First, get the source code for UFO Detector by either cloning this repository or downloading the source as a ZIP package. See the "Clone or download" button above.


  1. Install the prerequisites, see the list above.
  2. Open the project file ...\UFO-Detector\ui-qt\Detector.pro in Qt Creator. Edit OpenCV paths in opencv.pri so they point to correct locations.
  3. Build the project. You can run the application from Qt Creator or from command line in the build directory.

Generic Notes for Building in Linux

If your distribution has OpenCV version other than 2.4.9 through 3.0.0, you should be able to build UFO Detector with the development packages from the normal repositories. In that case, read the instructions for Ubuntu Linux 14 and apply them to your distribution. If UFO Detector has problem writing videos correctly you know you have the buggy version of OpenCV, in which case read the next paragraph.

OpenCV versions between 2.4.9 through 3.0.0 have a bug, at least in Ubuntu Linux, causing video writing to fail. This means OpenCV >=3.1.0 need to be installed by hand. For that, read the instructions for Ubuntu Linux >=15 and apply them to your distribution.

Ubuntu Linux 14

First, install Qt5, avconv/ffmpeg, and OpenCV development packages:

sudo apt-get install qtbase5-dev libav-tools libopencv-dev qt5-default

If this is not enough, check if you need to install other development packages as well.

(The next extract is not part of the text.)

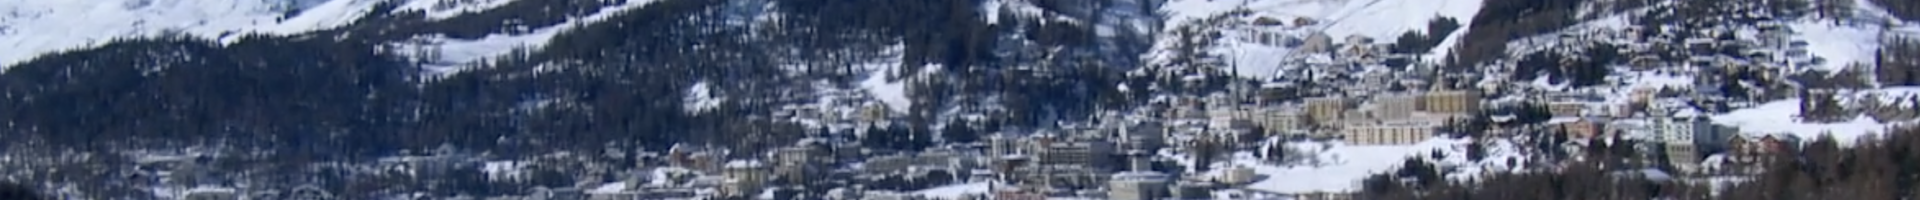 Saint-Moritz, le Monaco des neiges

Open the project file .../UFO-Detector/ui-qt/Detector.pro in Qt Creator and build it. You can run the application from Qt Creator or from command line in the build directory.

Ubuntu Linux >=15

In Ubuntu Linux >=15, first install Qt5 and avconv/ffmpeg, plus the necessary packages for compiling OpenCV. Installing libopencv-dev package is optional because it will not be used.

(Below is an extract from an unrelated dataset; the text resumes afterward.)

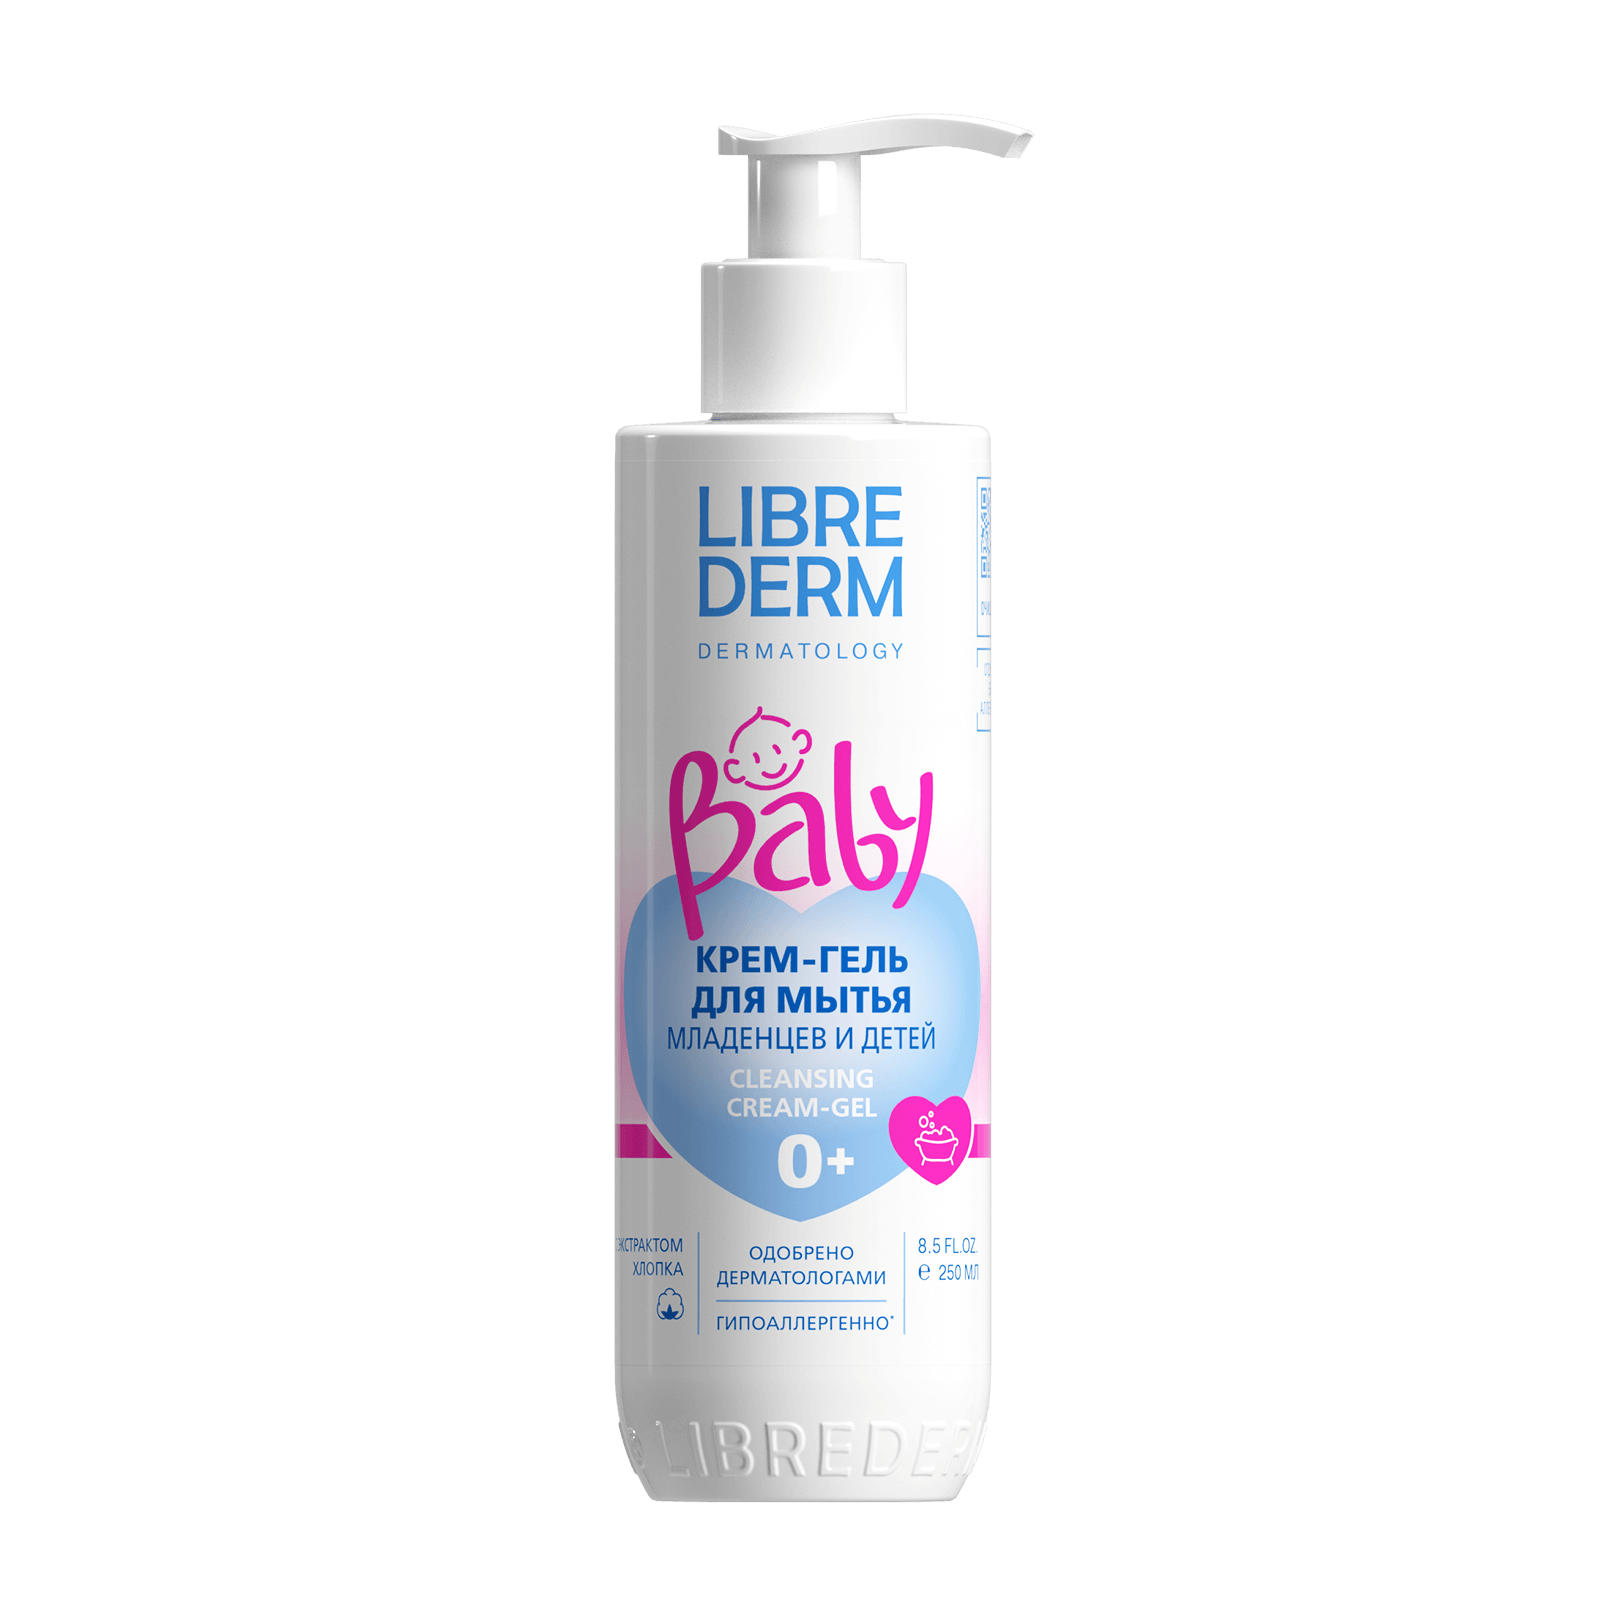 Librederm Baby, крем-гель для мытья новорожденных младенцев и детей 250 мл

sudo apt-get install qtbase5-dev libav-tools build-essential cmake libgtk2.0-dev pkg-config libavcodec-dev libavformat-dev libswscale-dev qt5-default

Next, download OpenCV 3.1.0 source package for Linux and unzip it. It's assumed here the target folder is opencv-3.1.0. Then run the following commands in the same folder in which you unzipped the source package:

mkdir opencv-3.1.0-build
cd opencv-3.1.0-build
sudo make install
sudo ldconfig

If you use IPP ICV, turn it ON and figure how to make it work (didn't work out of the box).

For more info about OpenCV, please refer to OpenCV building instructions.

Open the project file .../UFO-Detector/ui-qt/Detector.pro in Qt Creator and build it. You can run the application from Qt Creator or from command line in the build directory.

Detection Algorithm:

Since the objects that the software looks for are not well defined (i.e. being “unknown”) false positive detections are expected. We use a combination of following algorithms in order to narrow down the results:

  1. Motion Detection: The program looks for moving objects within the selected area of detection. The user can specify the size of noise which will be ignored. Each moving object is tracked.
  2. Light detection: We assume any UFO is light emitting (i.e. object being brighter than the background) in order to decrease the amount of false-positives.
  3. Object recognition: Each detected bright object is analyzed using cascade classifier which was trained using images of flying birds. This is only used if the detection process is run during the day. Currently only birds are filtered out in this way.
  4. Aircraft filter: Using data from the internet to check whether there are aircrafts within the camera view.